Sparks: Mahmoud Khalil’s attorneys to turn to US supreme court after ruling paves way for deportation
The state's morality of order is simply its will to power, dressed in the respectable robes of the law to conceal the raw desire to expel the unfamiliar.
Consider that the judges who decide this case, the petitioner who pleads it, and the public that debates it will soon be dust and forgotten.
Democratic majorities, loving equality among themselves, often display a peculiar tyranny in defining who shall be granted the privilege of that equality.
When a government can strip a man of his place by appealing to the letter of a law written without his consent, it mocks the very rights it claims to protect.
Why do millions consent to the machinery that removes one, when the simple refusal to turn the key would halt the entire engine?
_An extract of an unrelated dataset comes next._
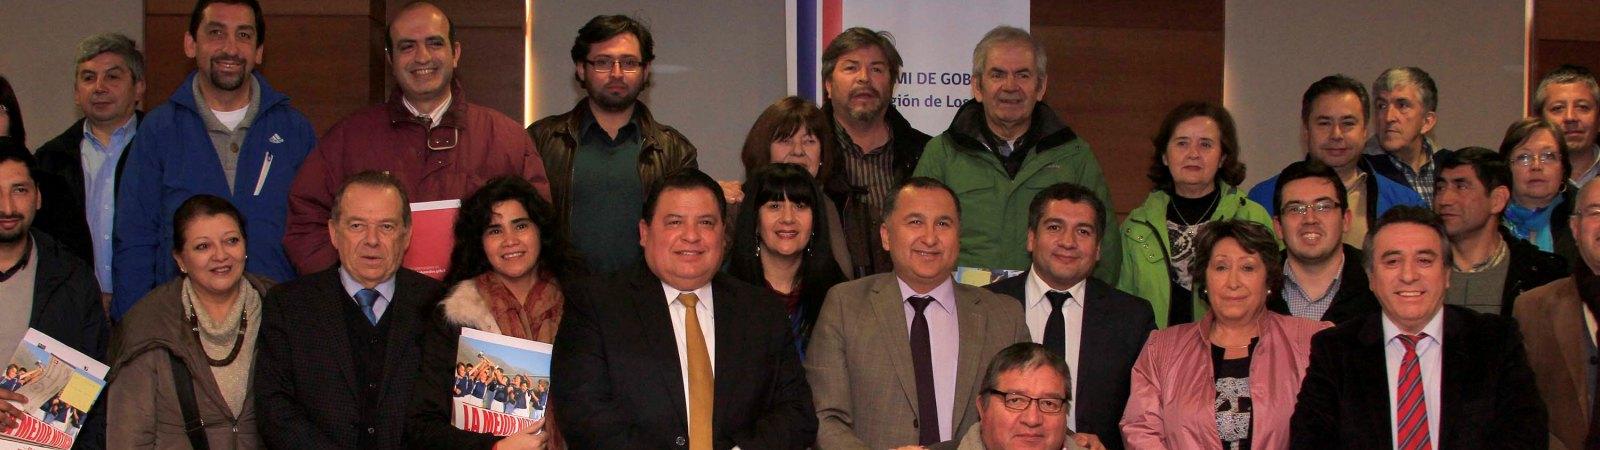 Imagen: Seremi de Gobierno Los Rios / Archivo

Observe how the legal mechanism, like a water screw, is designed for a single directional motion - to lift a ruling upward while pressing a person out.
A system that denies fundamental appeal educates citizens in passive obedience, training them to accept arbitrary power as a natural force.
The attorneys prepare their papers with a meticulous, quiet despair, the sort that precedes a long journey whose destination is already known to everyone in the room.
Before tearing down the last gate of appeal, one should first understand why our ancestors, in their wild wisdom, decided to build so many.
In Delhi, the Sultan's *farman* could be appealed; in the Maldives, the judge's decree was final; here, I observe another variation on the theme of finality.
It is a most efficient and logical system, where we first construct a labyrinth of laws and then commend ourselves for finding the sole exit that points over a border.